■ To do ■
The data that follows must be transcribed in full and exactly, minus the pictures.

### Material provided ###

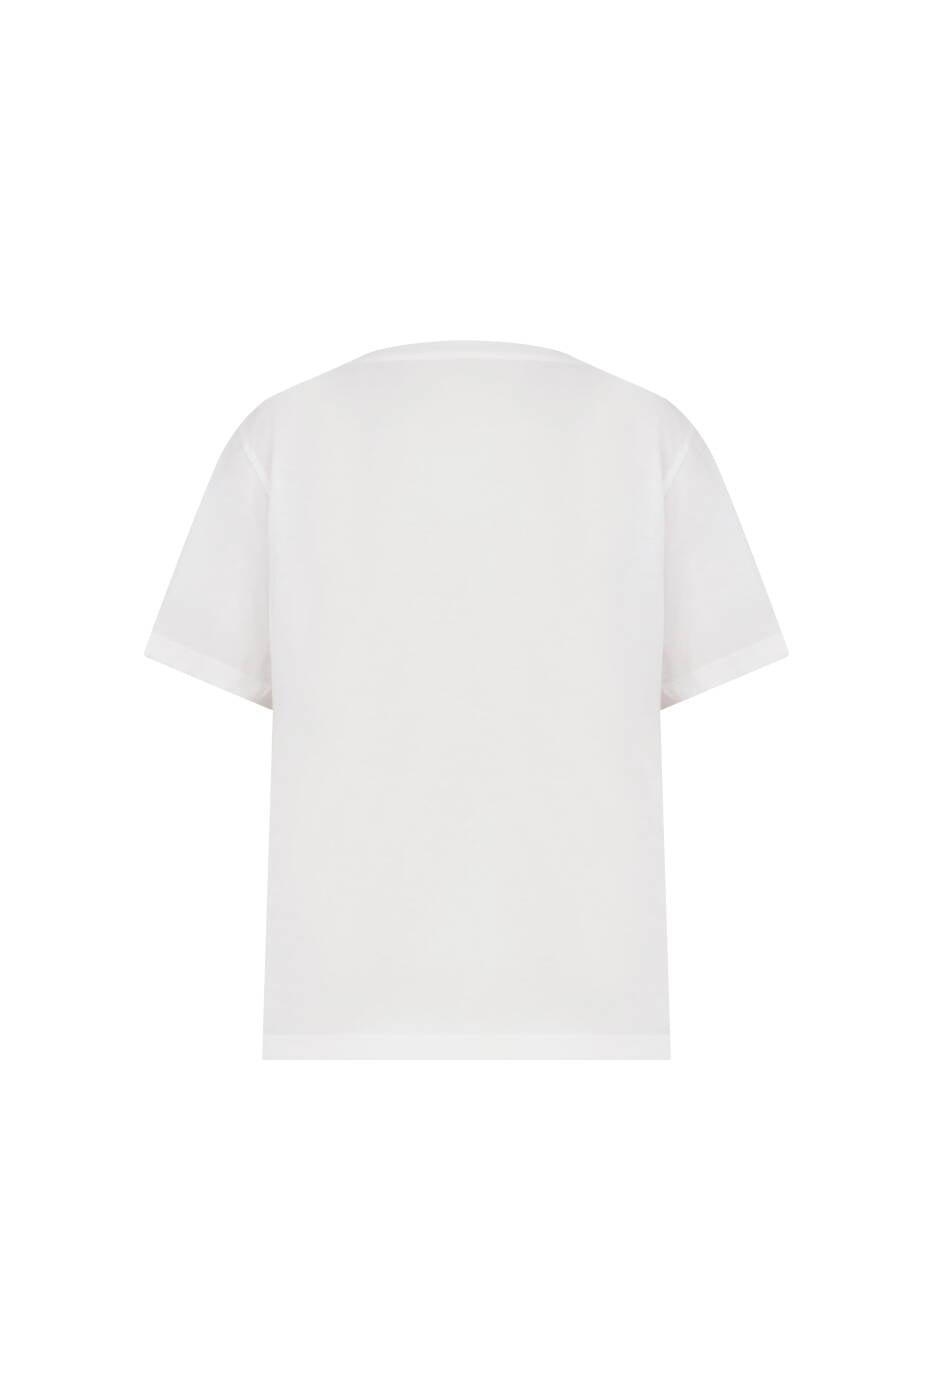 V Neck Printed Floral T-Shirt White --[WHITE]
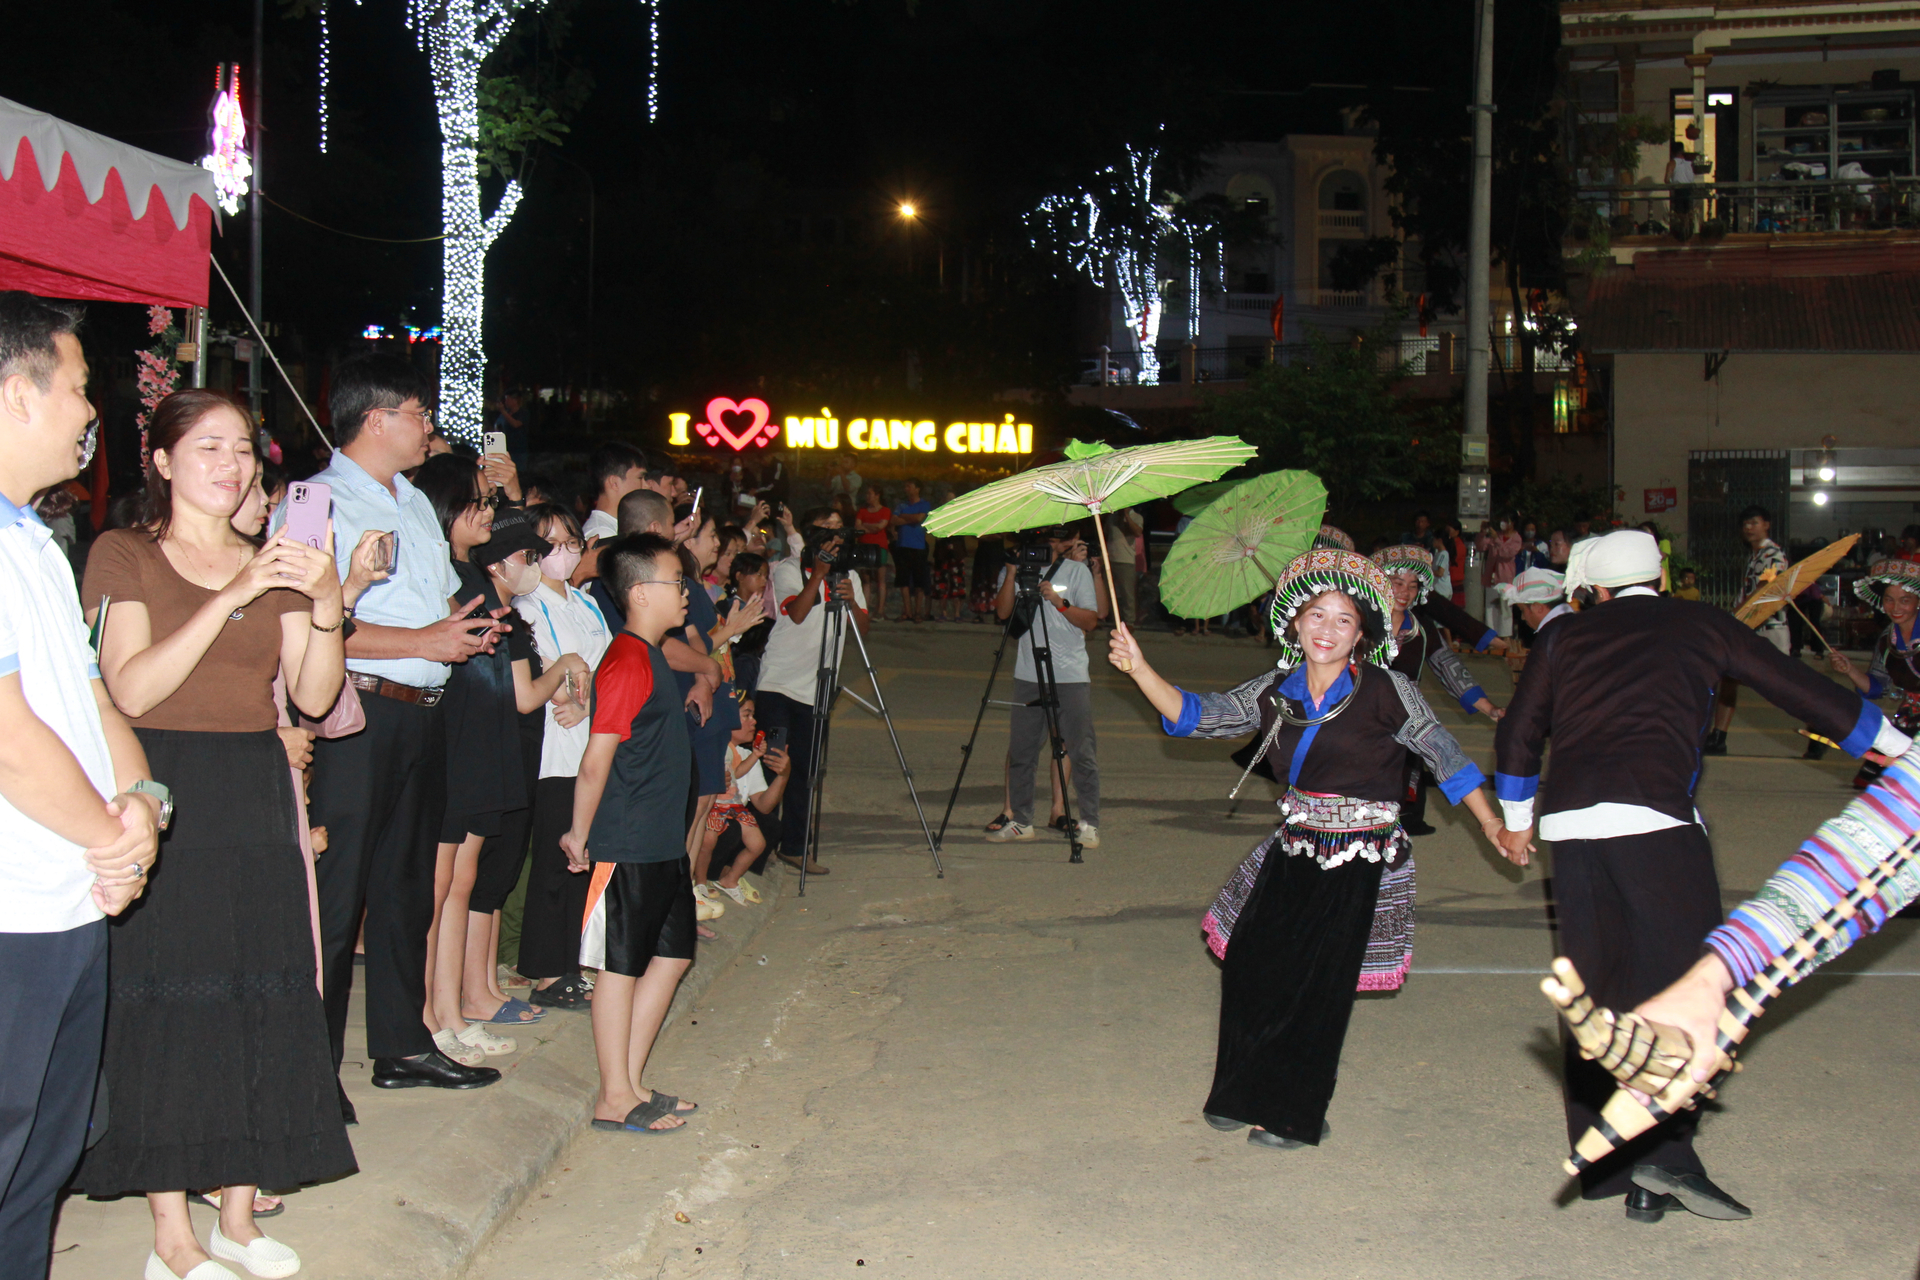 13 đoàn của 13 xã trong huyện biểu diễn nghệ thuật trên đường với sự cổ vũ của đông đảo người dân và du khách. Ảnh: Thanh Tiến.
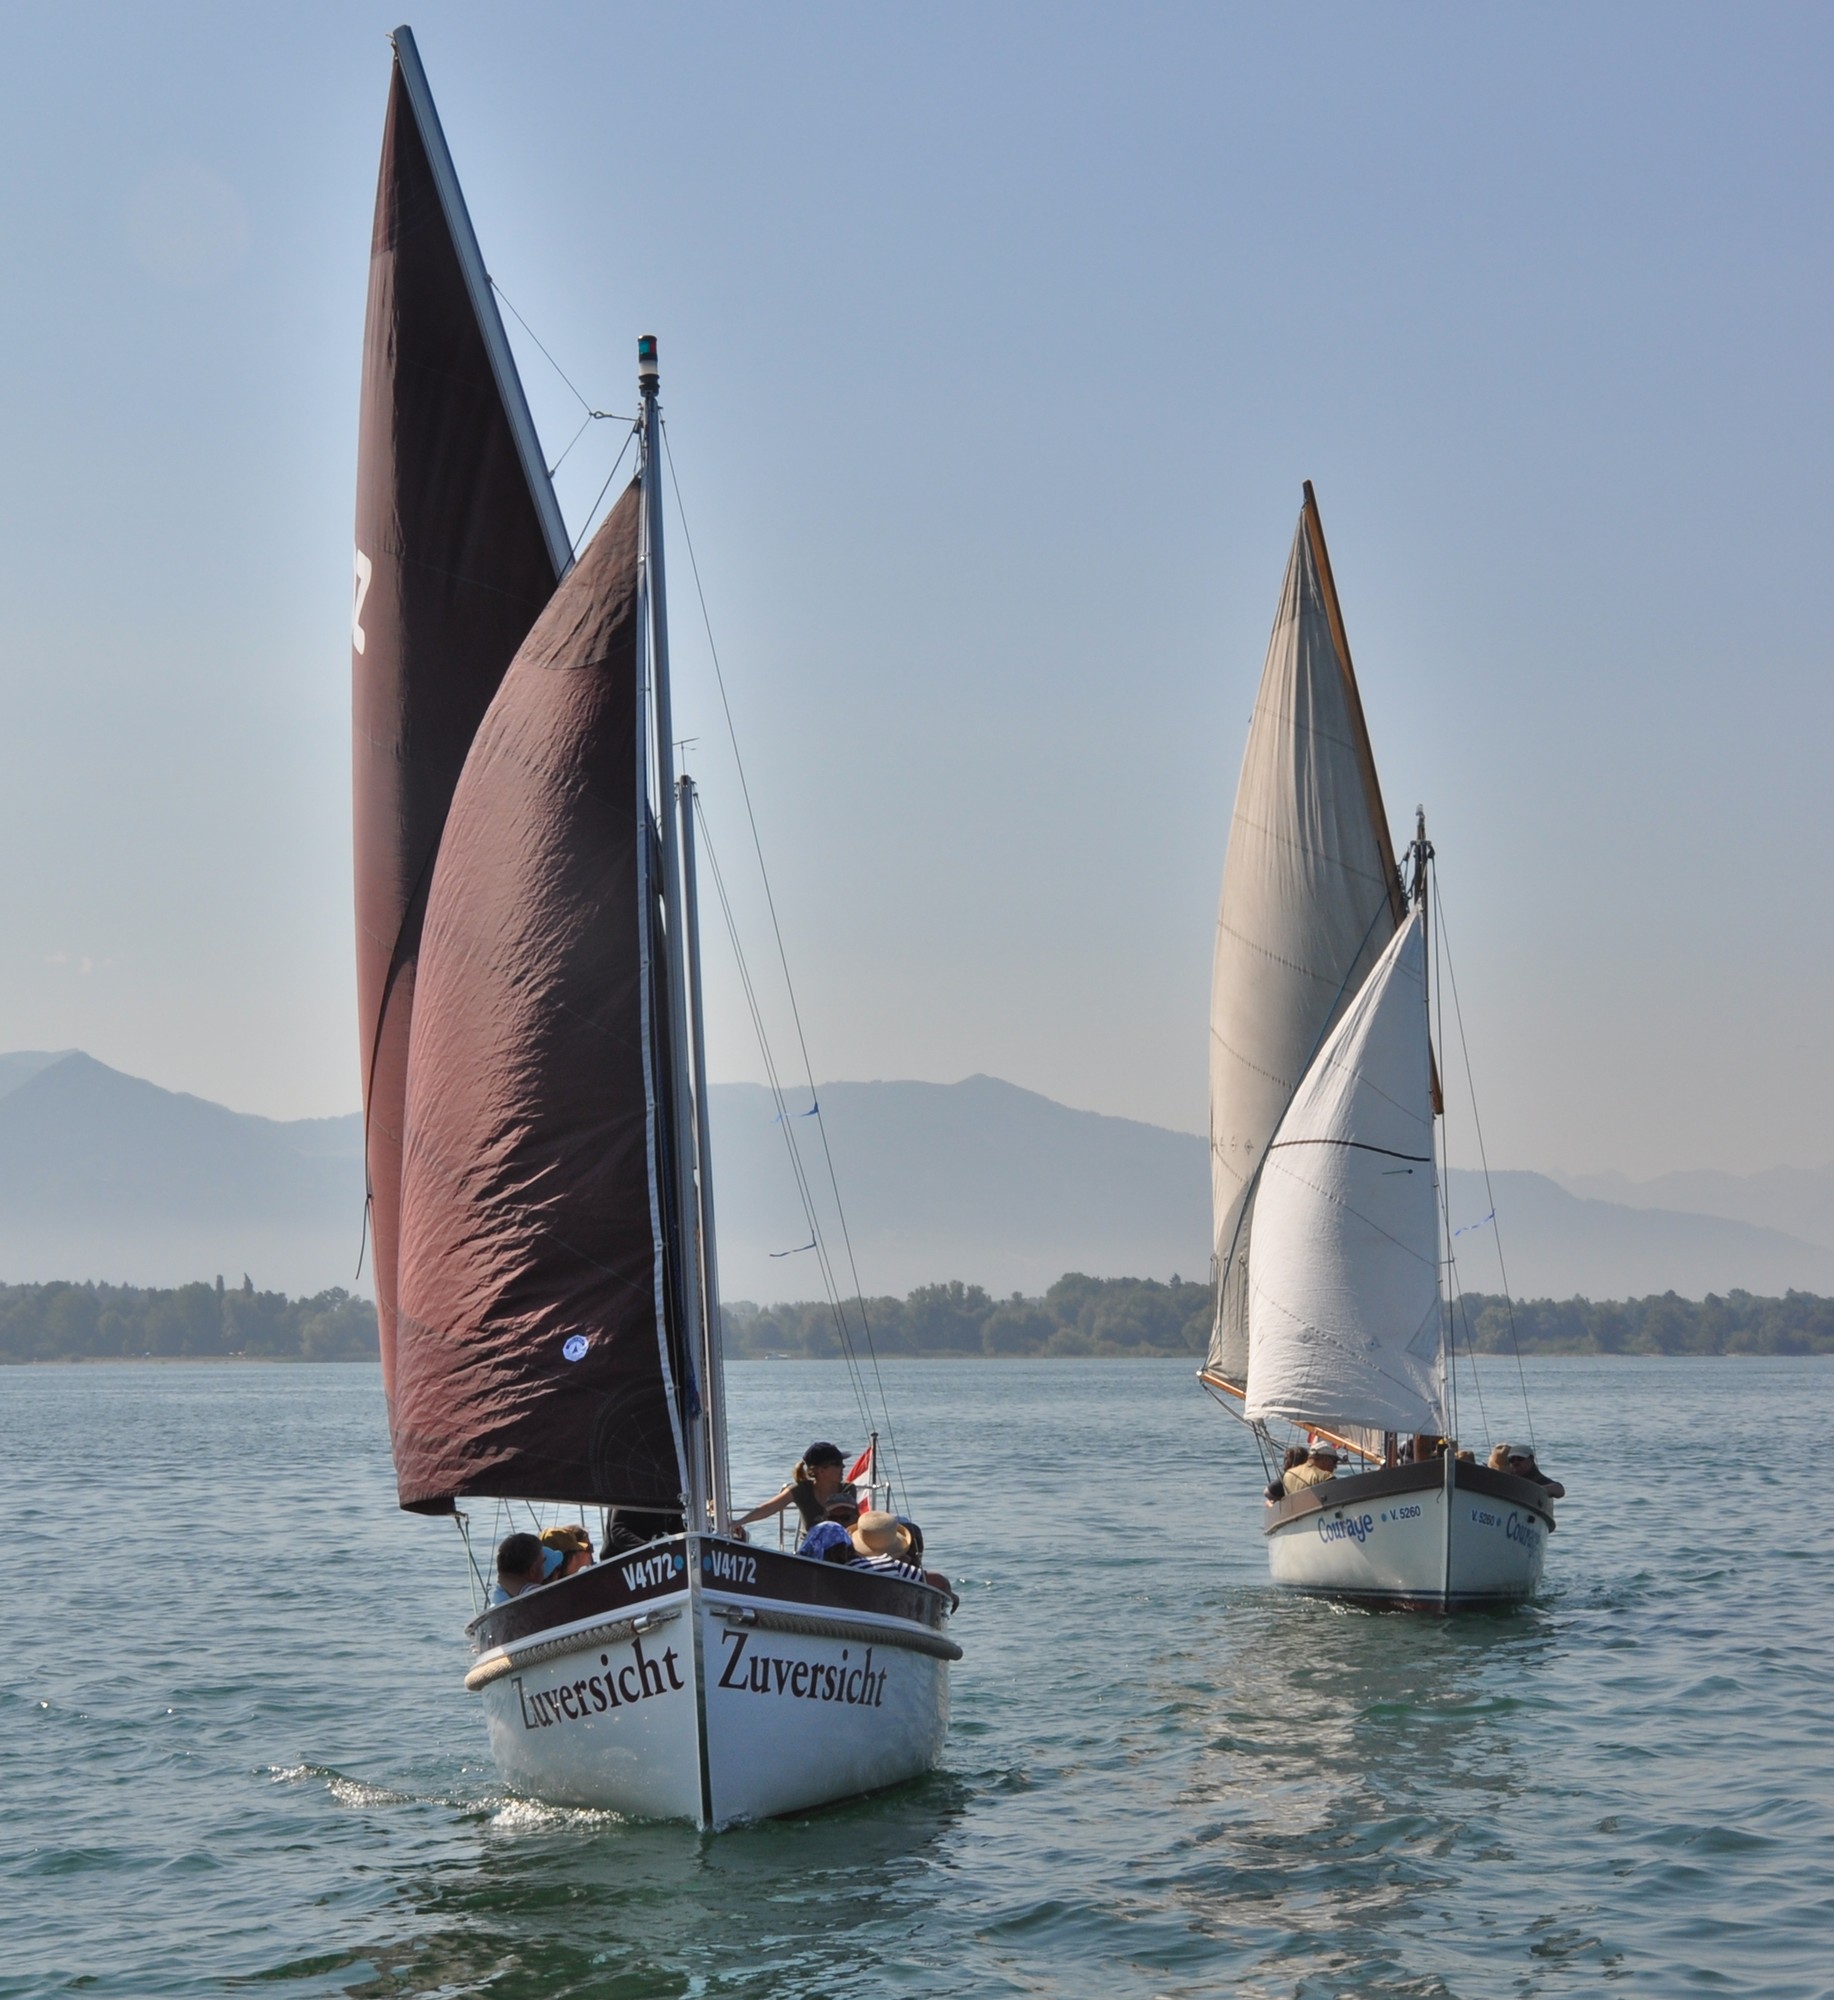 Unsere 2 Jugendwanderkutter "Zuversicht" und "Courage" segeln auf dem Bodensee

###

■ Answer to the exercise ■
 V Neck Printed Floral T-Shirt White --[WHITE]
 13 đoàn của 13 xã trong huyện biểu diễn nghệ thuật trên đường với sự cổ vũ của đông đảo người dân và du khách. Ảnh: Thanh Tiến.
 Unsere 2 Jugendwanderkutter "Zuversicht" und "Courage" segeln auf dem Bodensee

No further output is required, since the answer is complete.